Minimal time of magnetization switching in small ferromagnetic ellipsoidal samples

TL;DR

This paper investigates the minimal time required to flip the magnetic moment in small ellipsoidal ferromagnetic samples using constrained external magnetic fields, providing precise characterizations and special case analyses.

Contribution

It establishes the existence of a minimal control threshold for magnetic switching and characterizes this threshold, including solutions for symmetric geometries without control constraints.

Findings

Existence of a minimal control amplitude for switching.

Precise characterization of the minimal control threshold.

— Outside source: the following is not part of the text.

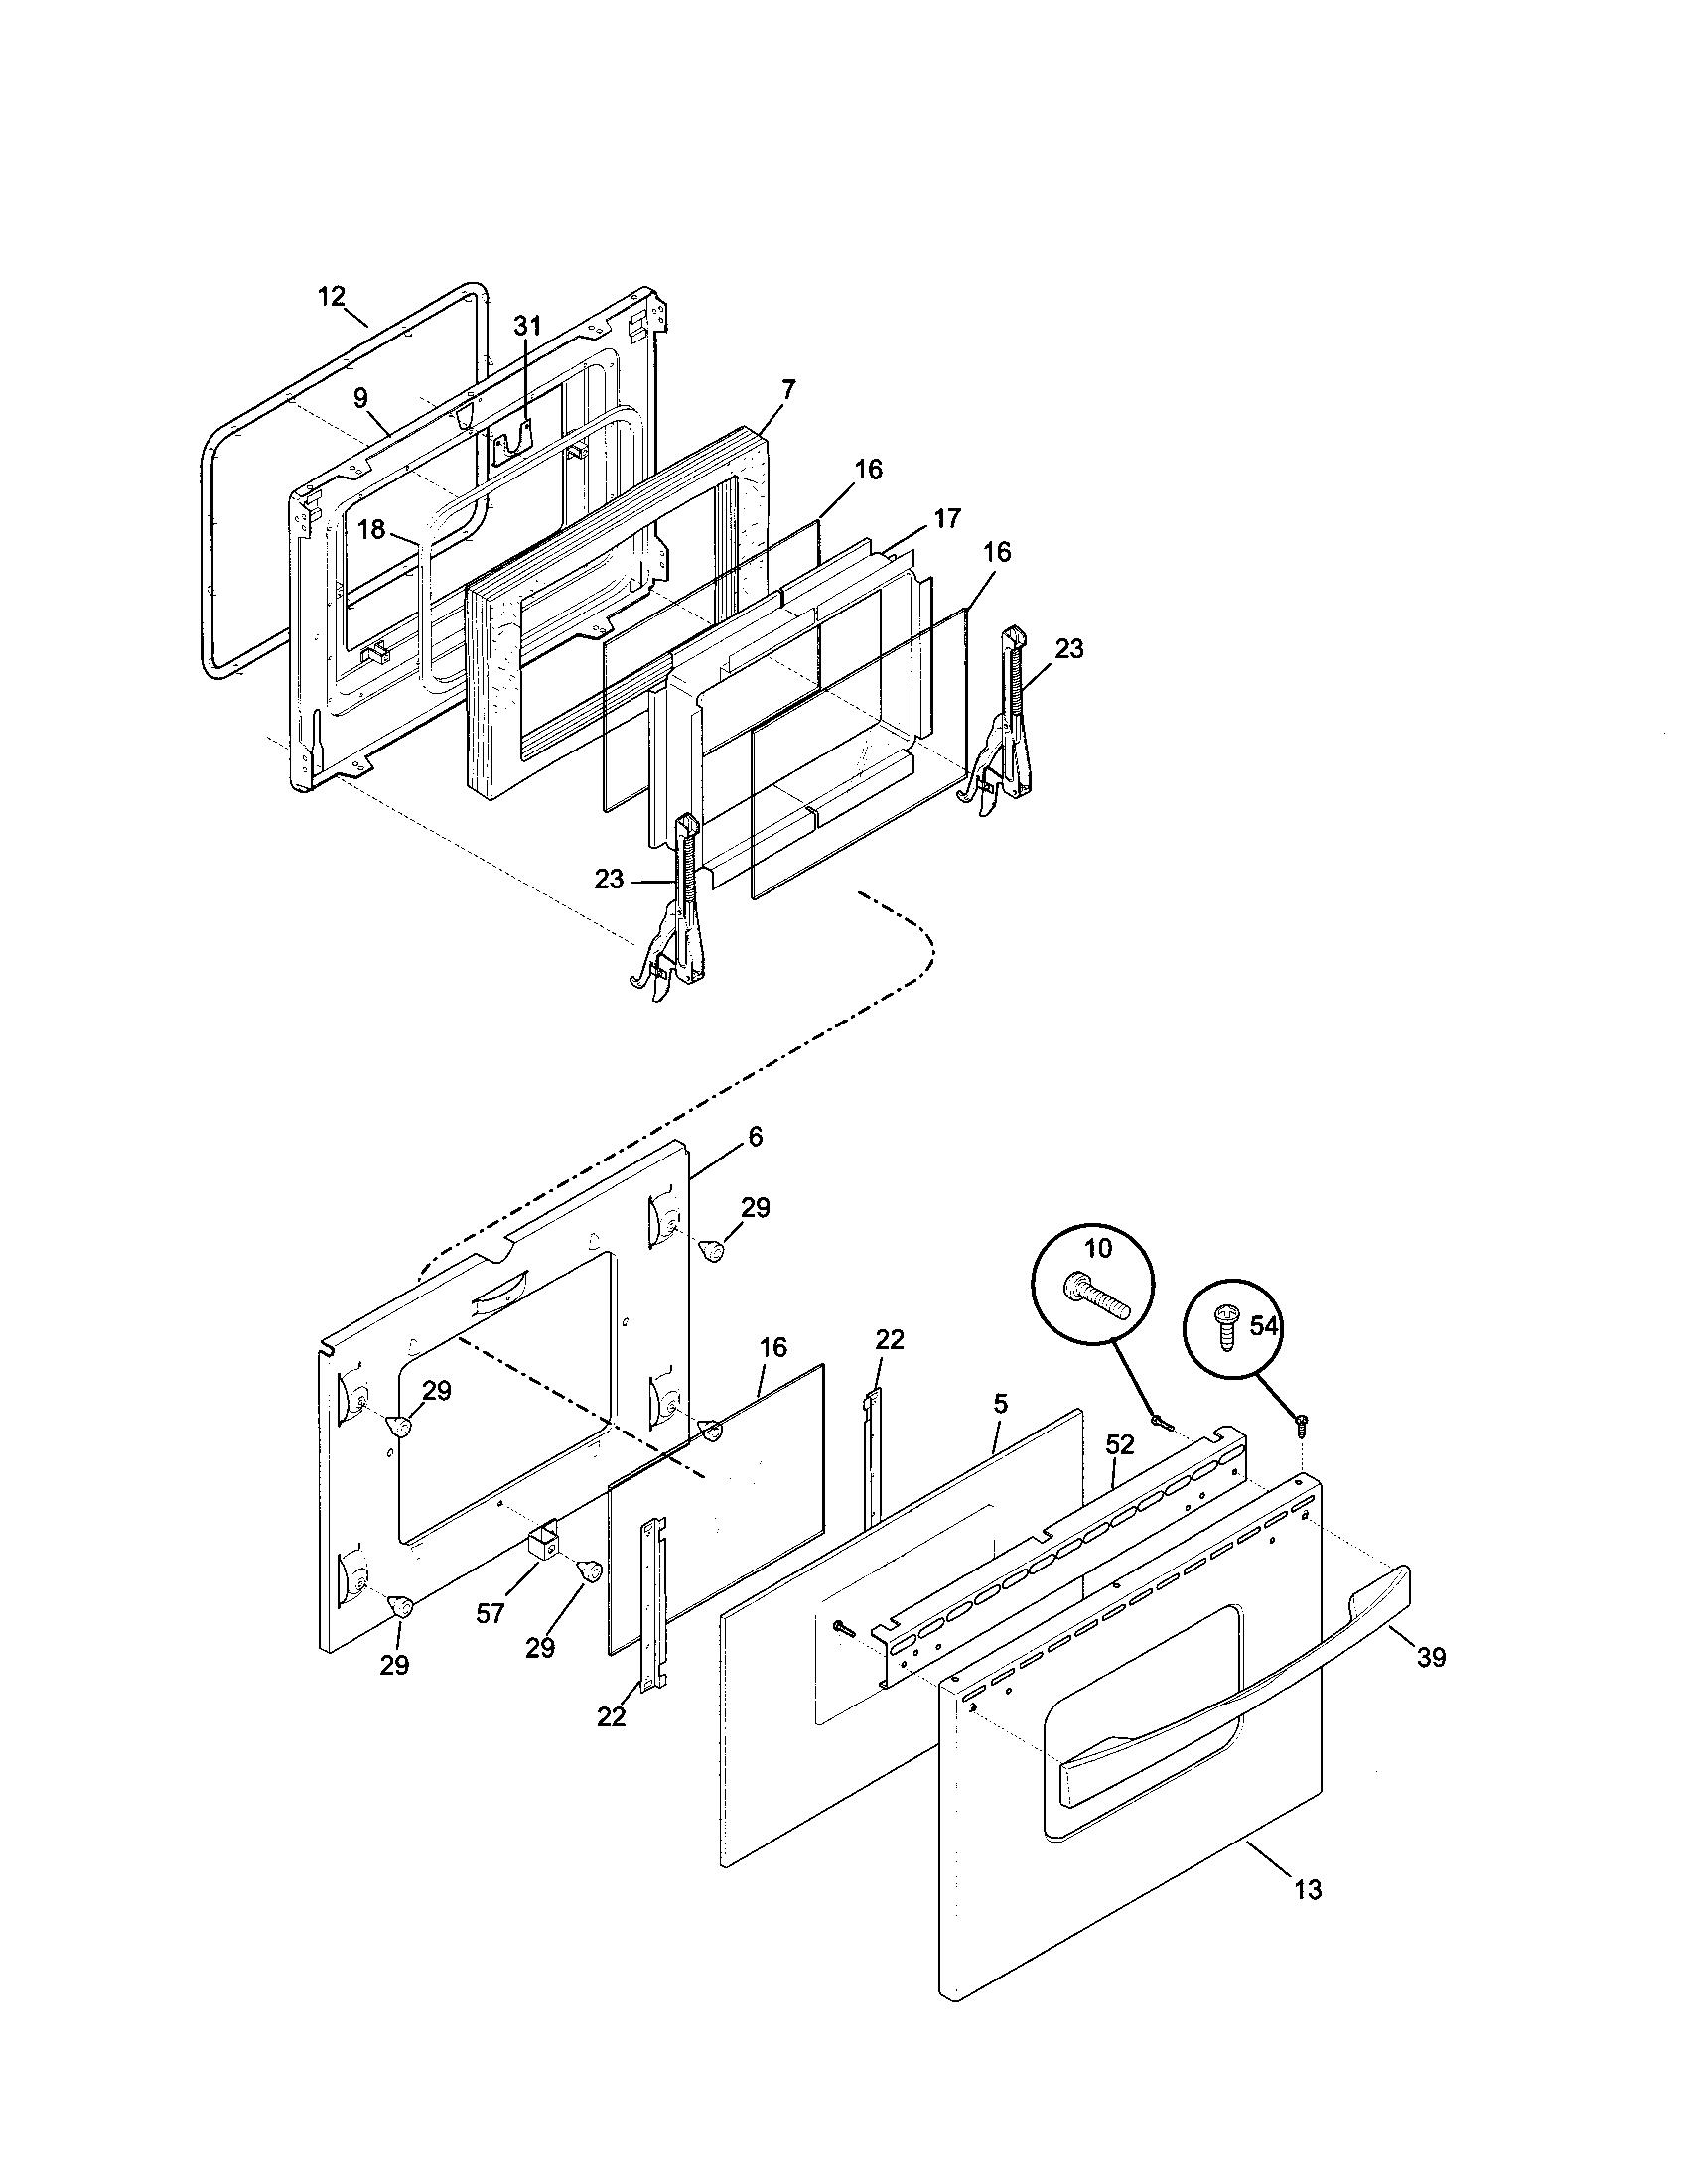 kenmore dishwasher 6651776 user guide signal wiring schematics for, Wiring diagram

Control in symmetric geometries without amplitude restrictions.

Abstract

In this paper, we consider a ferromagnetic material of ellipsoidal shape. The associated magnetic moment then has two asymptotically stable opposite equilibria, of the form $\pm\overline{m}$. In order to use these materials for memory storage purposes, it is necessary to know how to control the magnetic moment. We use as a control variable a spatially uniform external magnetic field and consider the question of flipping the magnetic moment, i.e., changing it from the $+\overline{m}$ configuration to the $-\overline{m}$ one, in minimal time. Of course, it is necessary to impose restrictions on the external magnetic field used. We therefore include a constraint on the $L^\infty$ norm of the controls, assumed to be less than a threshold value $U$. We show that, generically with respect to the dimensions of the ellipsoid, there is a minimal value of $U$ for this problem to have a solution. We then characterize it precisely. Finally, we investigate some particular configurations associated to geometries enjoying symmetries properties and show that in this case the magnetic moment can be controlled in minimal time without imposing a threshold condition on $U$.